Difference between UNICODE and UTF-8 files in Windows Notepad

Posted by decipherinfosys on February 25, 2013

While generating flat files through SSIS for a feed process at a client site, we noticed that the developer had left the file encoding to be UNICODE with the thought that it would be the best practice and the consumption of the file will not be an issue at the receiving system.  The file was being opened up in Notepad.

When generating a flat file in Windows, you have the option (just like you would when you are using Notepad) to use the encoding of ANSI, UNICODE, UTF-8 or Unicode big-endian.  What is important to understand is that in case you are using UNICODE, it is essentially UTF-16 little-endian and if you are using ANSI, it is Code Page 1252.

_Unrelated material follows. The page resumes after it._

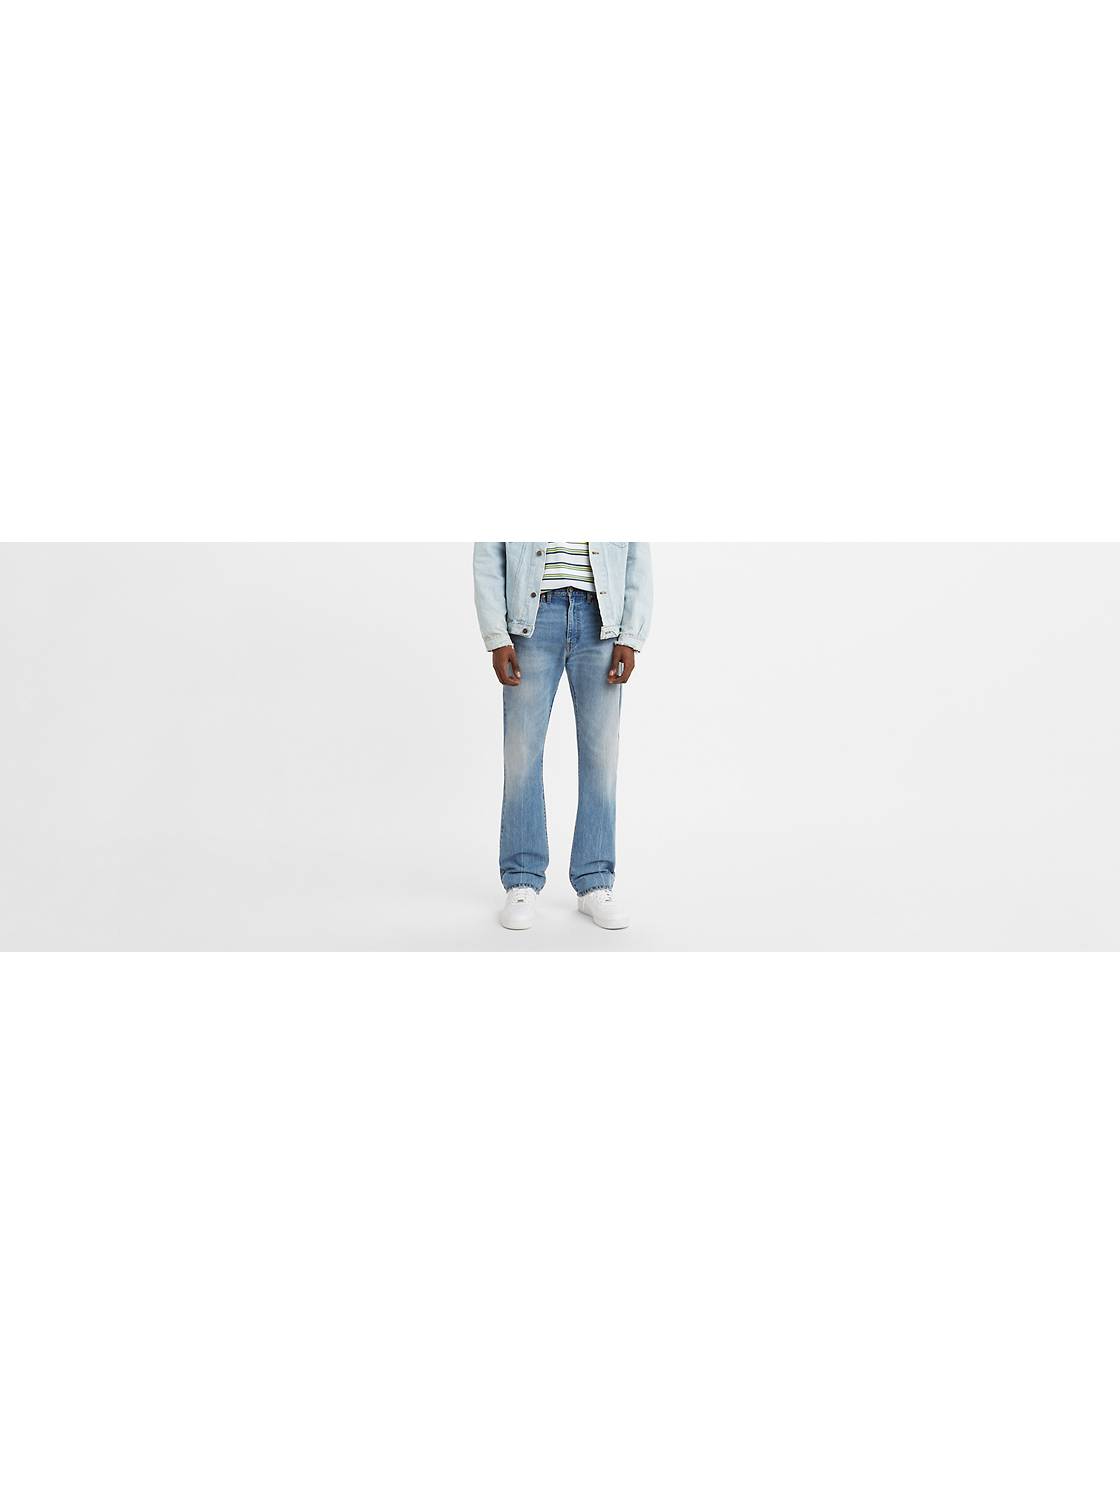 Men's Bootcut Jeans: Shop Bootcut Jeans for Men

Microsoft’s Notepad writes UTF-16 with a Byte Order Mark (BOM) and also looks for that BOM when reading the file.  If you are un-aware of what a BOM is, read this entry in Wikipedia – here.  So, in the case of a UNICODE file, the BOM is what helps in determining whether the file is UTF-16 big-endian or little-endian. Now, if Notepad is not able to find the BOM, then it calls a library function called isTextUnicode and it looks at the data and attempts to determine the encoding.  If the interpretation of this function comes out wrongly, it will cause it to display wrong glyphs.

Best approach in our opinion is to use UTF-8 everywhere.  It is a universally accepted encoding and even if you are sharing files across different operating systems, you would still be assured of providing proper data.